Chakotay spoke out of the blue, “Bridge to Torres. We need a way to get that ship out of there. Any ideas?”

The commander didn’t notice the sharp look Janeway sent his way, but Tyvaa did, and the tenseness she felt in the meeting returned with a rush. Apparently, they were going to get their fight after all.

“The subspace interference, it might be enough to cut through the event horizon,” B’Elanna declared.

“A subspace tractor beam?” clarified Chakotay.

“Exactly.”

“When can you have it ready?”

“Two hours, maybe three.”

“Get right on it, use as many people as you need.”

Janeway broke in sharply, “Mister Carey, what do you think?”

“With the right field modulation, it might work,” he admitted, “but we’ll need more power to the emitter array.”

“Very well,” accepted Janeway. “You’re in charge, Mister Carey. Report to me when the tractor beam is ready. Mister Paris, hold our position here.” She aimed her sharpness at Chakotay now and spoke low. “I’d like to see you in private.”

Tyvaa and Chakotay shared a look as she walked to her ready room. Tyvaa took a step forward to follow, but Chakotay shook his head and Tyvaa let the door slide shut behind him. She crossed her arms, her antennae stretched out and up in hostility, and waited outside the door instead.
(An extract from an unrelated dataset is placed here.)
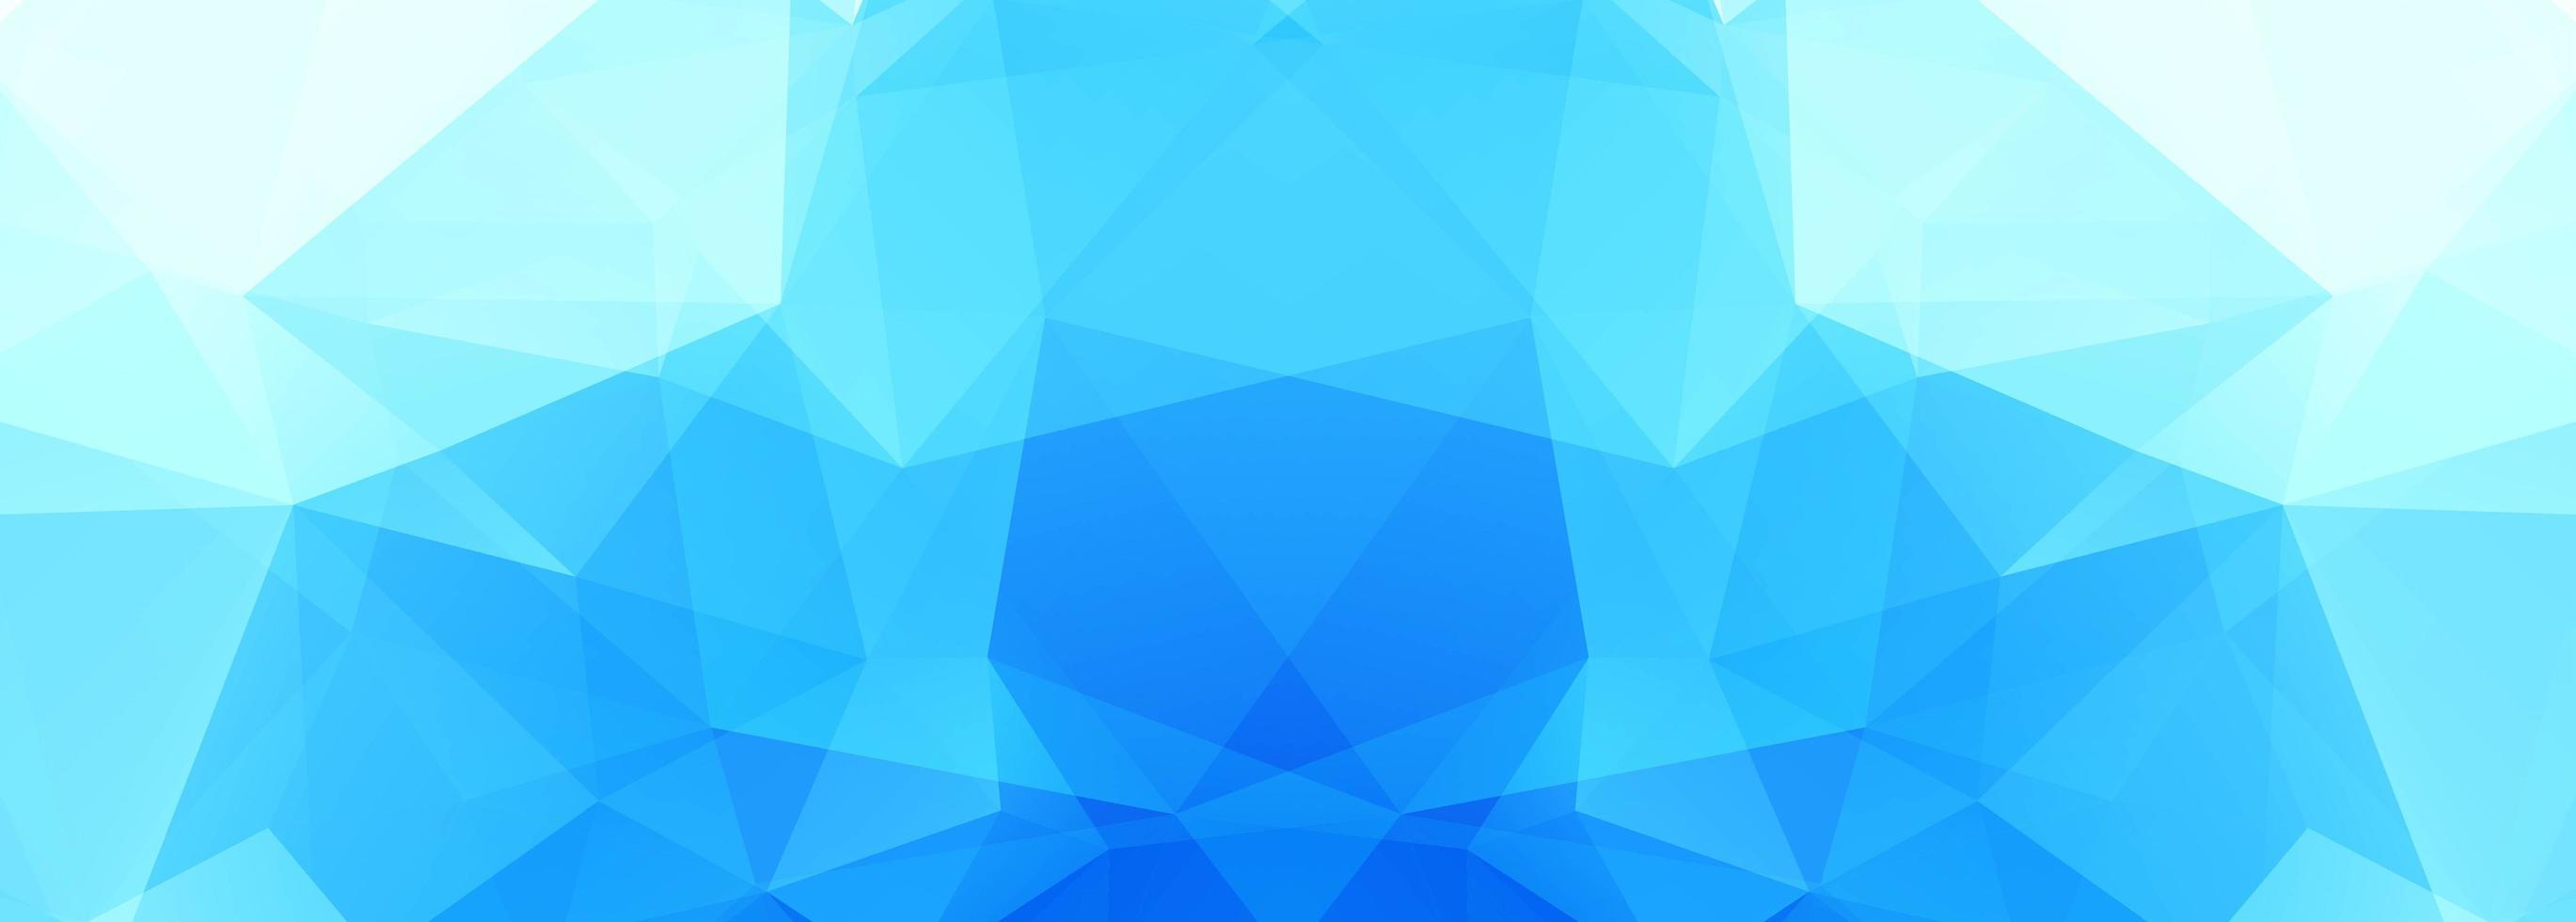 banner moderno poligono blu vettore

The suffocating silence and the waiting would’ve been bad enough, but Paris asked, tone light and faux-innocent, “Why didn’t you tell me you were a doctor, Tyvaa? For a second, I was sure that Chakotay was going to bring up the two semesters that I took biochemistry.”

Tyvaa clenched her fist tighter to reign in the retort she wanted to spit out, and the burn grounded her. She had left the past in the past when she changed careers, and while she knew that Chakotay hadn’t meant any harm, she couldn’t believe that her brief and understated medical history was being thrown back at her in the middle of the _Delta Quadrant,_ of all places.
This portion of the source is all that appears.